The memmove function is a C language library function located in the
Function declaration: void * memmove ( void * destination, const void * source, size_t num );
parameter:
destination: Pointer to the destination array into which the contents are to be copied, type-cast to a pointer of type void*.
source: Pointer to the data source to be copied, type converted to a pointer of const void* type.
num: Number of bytes to copy. (size_t is an unsigned integer type)
Return value: Return destination.
(2) getTask() function
The parameter is the task serial number, and the return value is the pointer to the corresponding element of the tasks array of the task serial number. It is only called in the scheduler.c file. The function is easy to understand and is defined in \src\main\fc\tasks.c.
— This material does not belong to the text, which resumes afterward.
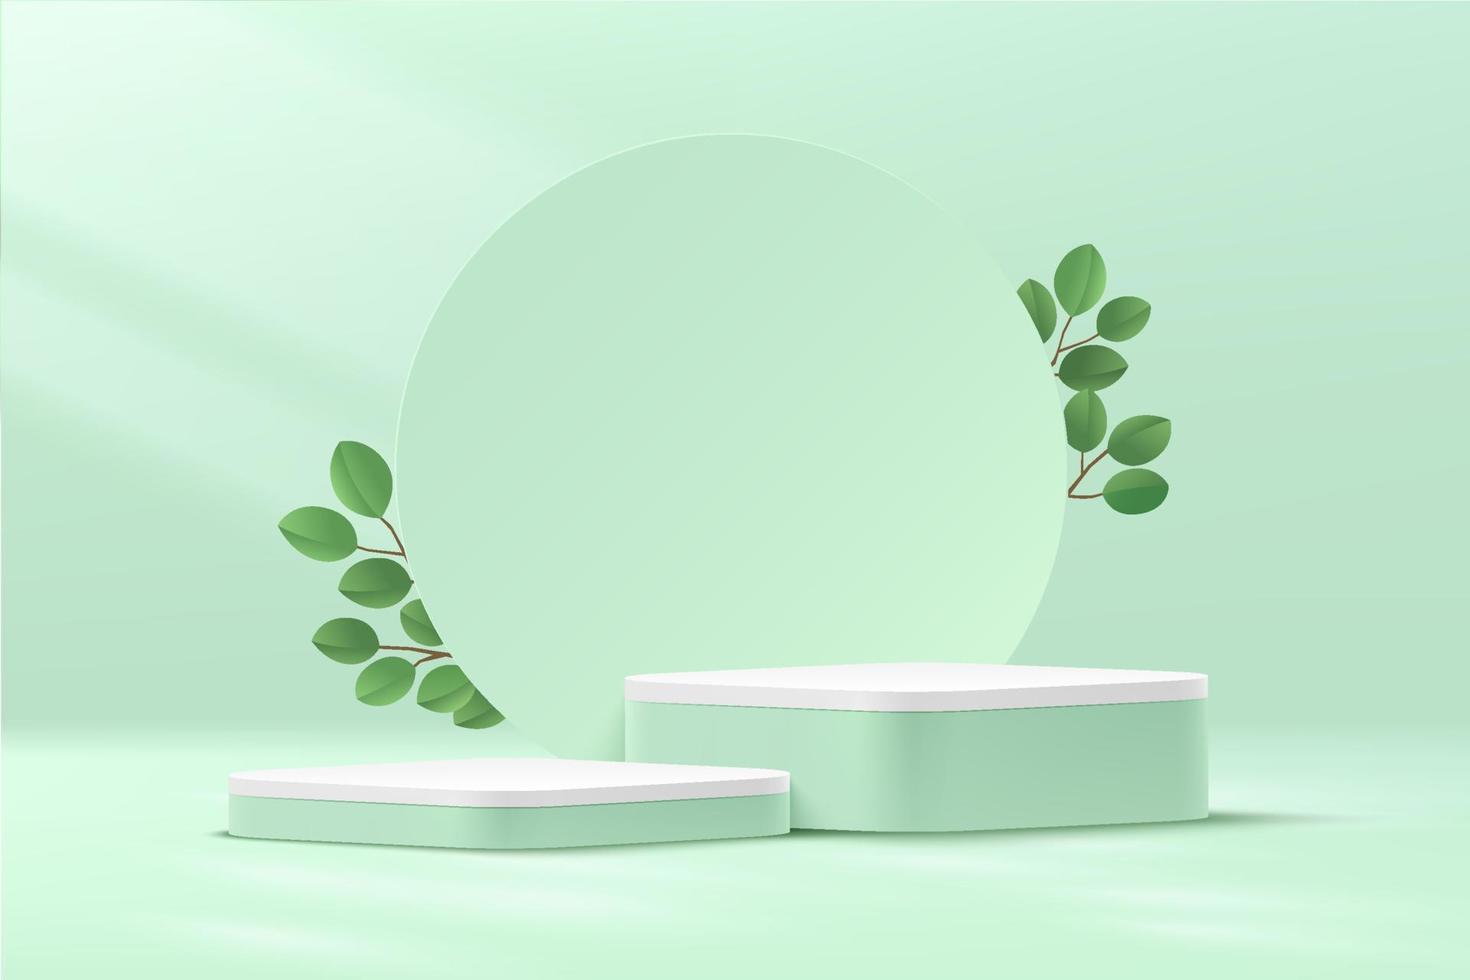 abstracte groene en witte ronde hoek kubus platform podium. cirkel achtergrond en groen blad. pastel lichtgroene minimale wandscène. vector rendering 3D-vorm voor cosmetische product display presentatie.

(3) clockMicrosToCycles() function
Parameter: number of us
Return value: Corresponding number of SCLK clock cycles
prototype:
uint32_t clockMicrosToCycles(uint32_t micros)
{
return micros * usTicks;
}
usTicks is a global variable, which is initialized in systemInit() -》cycleCounterInit(); to the number of cycles required to run 1us at the SCLK clock frequency (288MHz).
(4) Get DWT count
lastTargetCycles = getCycleCounter(); //Get the DWT count value as the task cycle count value
Registers: divided into three categories
Peripheral registers (UART, SPI), core registers (core file labels, belonging to Cotex-M3, Cotex-M4, such as DWT, ITM, SCB, etc.), instruction/architecture registers (associated with binary instruction set, ARM architecture, R0~ R14, MSP, PC, etc.)